George Hannah

Personal information
- Date of birth: 11 December 1928
- Place of birth: Liverpool, England
- Date of death: 5 May 1990 (aged 61)
- Position(s): Forward

Senior career*
- Years: Team / Apps / (Gls)
- Linfield
- 1949–1957: Newcastle United / 167 / (41)
- 1957–1958: Lincoln City / 38 / (4)
- 1958–1964: Manchester City / 114 / (15)
- 1964–1965: Notts County / 25 / (1)
- 1965–1966: Bradford City / 30 / (2)
- Total:  / 374 / (63)

= George Hannah (footballer, born 1928) =

English footballer (1928–1990)

George L. Hannah (11 December 1928 – 5 May 1990) was an English footballer who played as a forward.

==Career==
Hannah was born in Liverpool, England and signed for Newcastle United from Linfield in 1949 staying until 1957. He won an FA Cup winners medal in 1955, scoring the third goal in a 3–1 victory over Manchester City. He spent a season at Lincoln City before he moved to Manchester City in 1958 where he stayed until 1964, making 114 appearances and scoring 15 goals, before transferring to Notts County.
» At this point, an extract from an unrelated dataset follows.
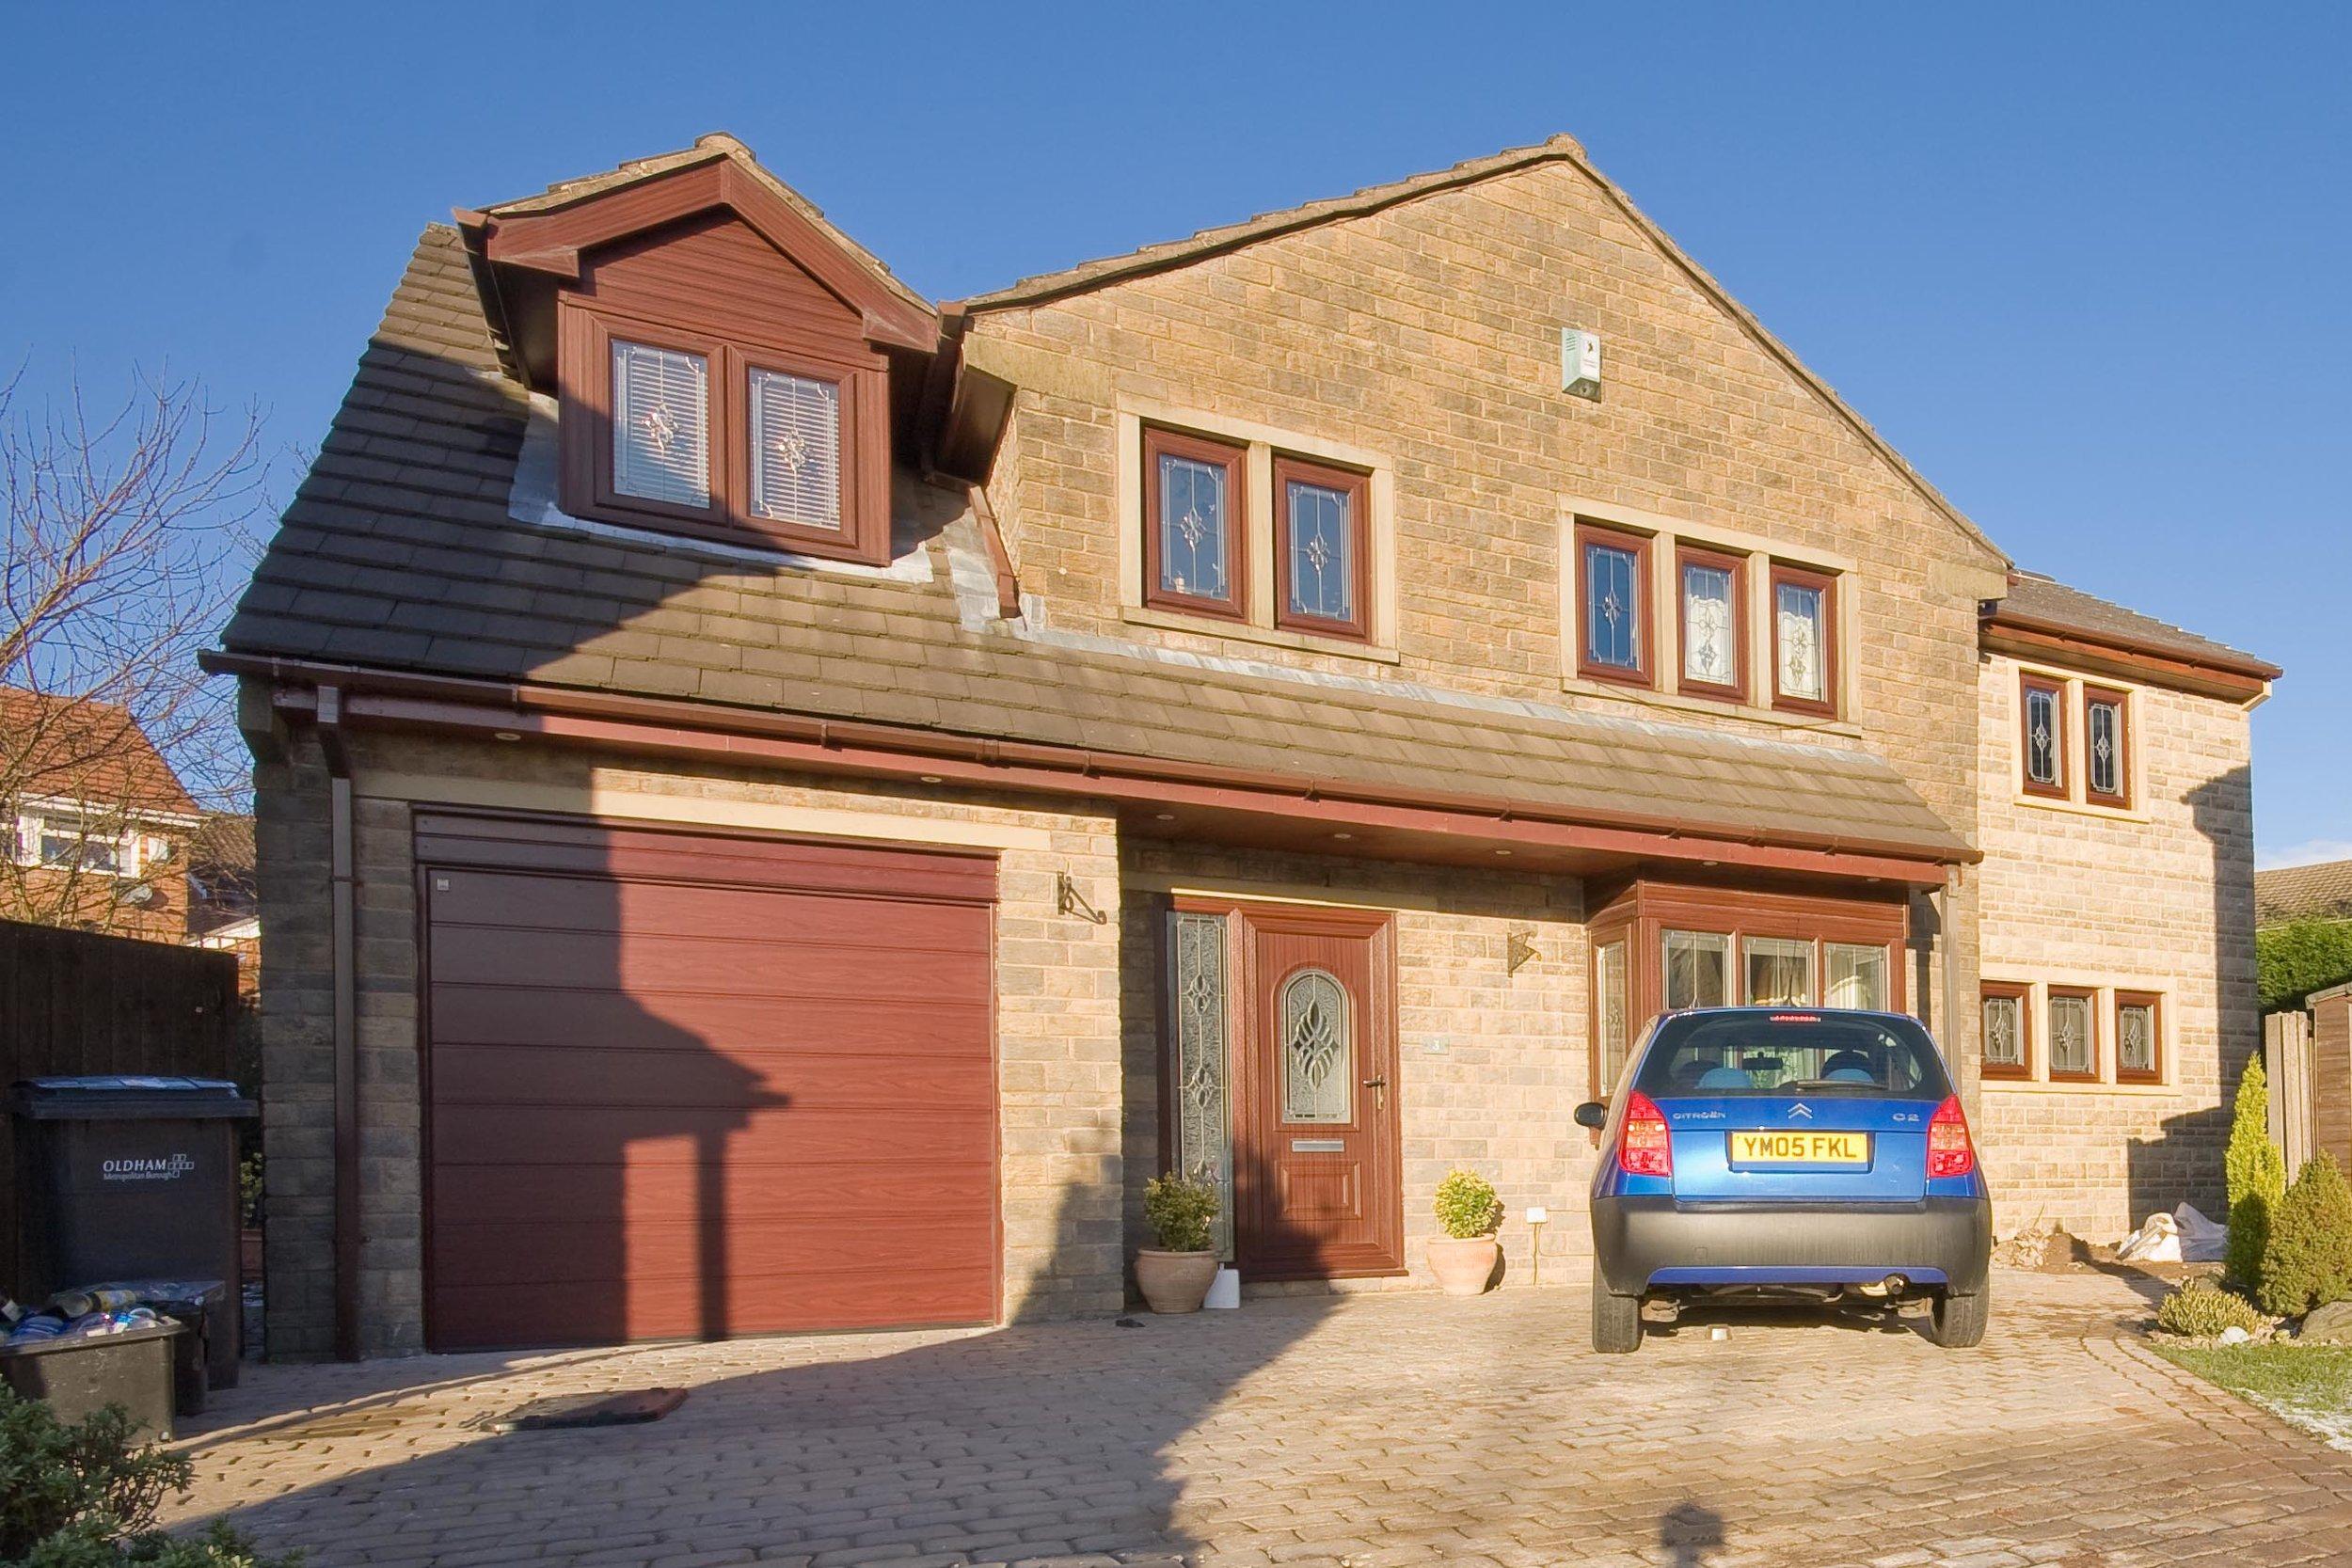 PropertyPhotographs-4536.jpg

His final season was with Bradford City before he retired in 1966. In his career, he played in 374 Football League games, scoring 63 goals, over the course of 17 seasons.

==Later life and death==
After retirement from the game, Hannah, his wife June and their two children, Julie and Dale, moved back to Manchester. He bought a newsagent shop in Fallowfield in 1966 and ran it for 10 years until 1977, when he sold the shop and took a job working for British Telecom until his retirement in 1990. After a short illness, Hannah died in May of the same year.